Medicine: Penicillin Shock
The 39-year-old Detroit woman was being treated for asthma and bronchitis with penicillin. One day a nurse gave her a routine injection of 50,000 units. Within a few seconds the patient complained of a strange taste in her mouth, and of swelling and tightness in her throat and nose. She itched all over, and turned blue in the face. Then, as she was asking for a glass of water, she collapsed and died.

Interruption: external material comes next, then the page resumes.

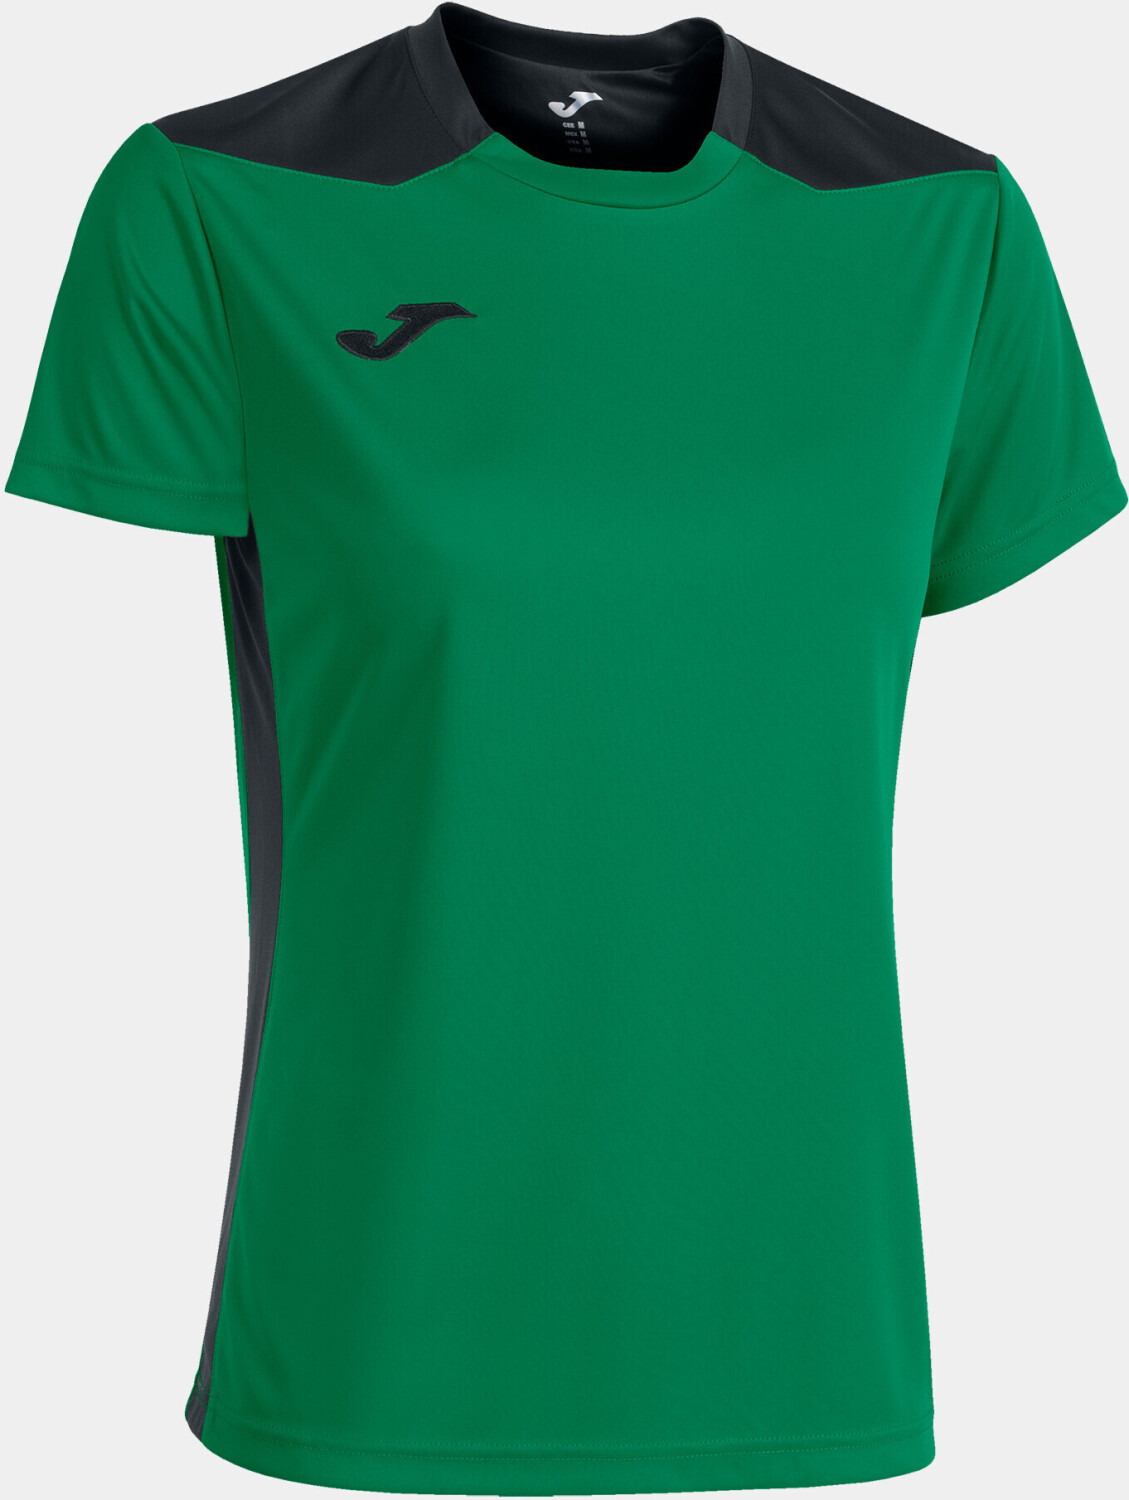 Photos - Football Kit Joma Championship VI Shirt Youth  green/black (101822k)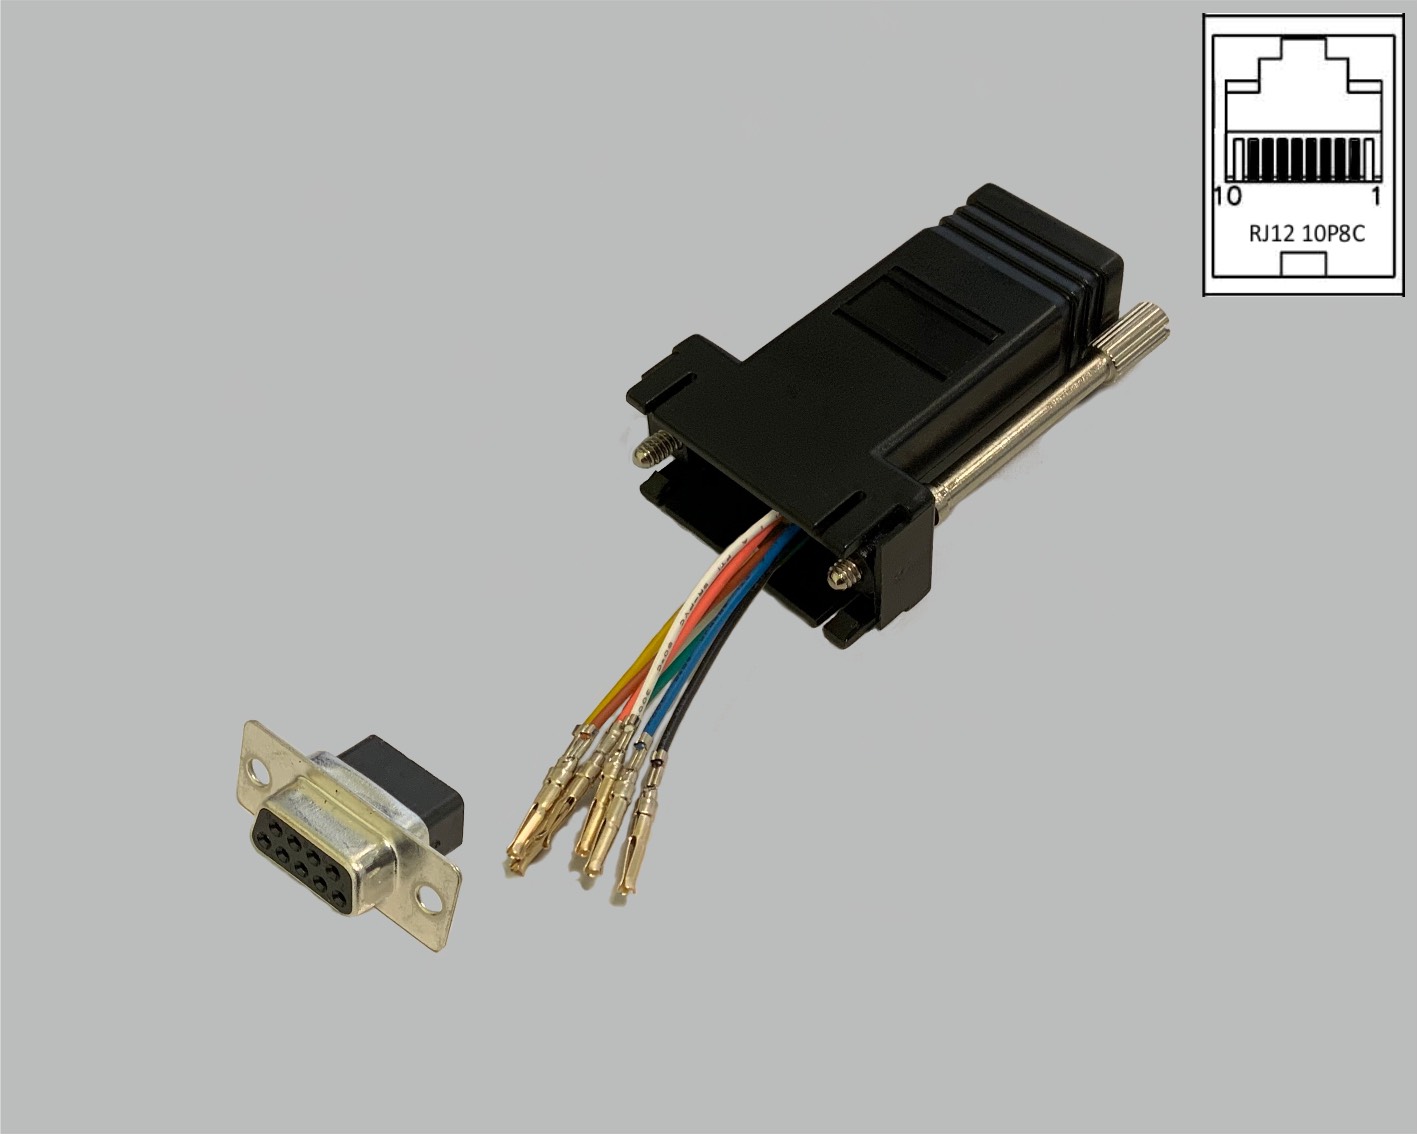 D-Sub/RJ adapter, freely configurable, D-Sub female connector 9-pole to RJ45 (10P8C) female connector, black

The case was reported last week in the Journal of the American Medical Association by Detroit Allergist George L. Waldbott. For 18 years Dr. Waldbott has been studying cases of fatal shock following shots of serums. The Detroit woman, he explains, was accidentally pierced in a vein (instead of a muscle) by the hypodermic needle. The penicillin was absorbed too rapidly into a system already sensitized to penicillin by previous injections.
Several other deaths due to "serum sickness" or delayed reaction to penicillin have been reported; the patients died five to eleven days later. But this was the first death reported due to "anaphylactic shock," i.e., immediate allergic reaction. There may have been others. Dr. Waldbott warns: "Not everybody would write up deaths in their own practice; and not everyone would recognize such a death as due to anaphylactic shock." His advice to physicians: check carefully to make sure the patient has not been sensitized to penicillin; if he has been, take extra care not to inject it into a vein.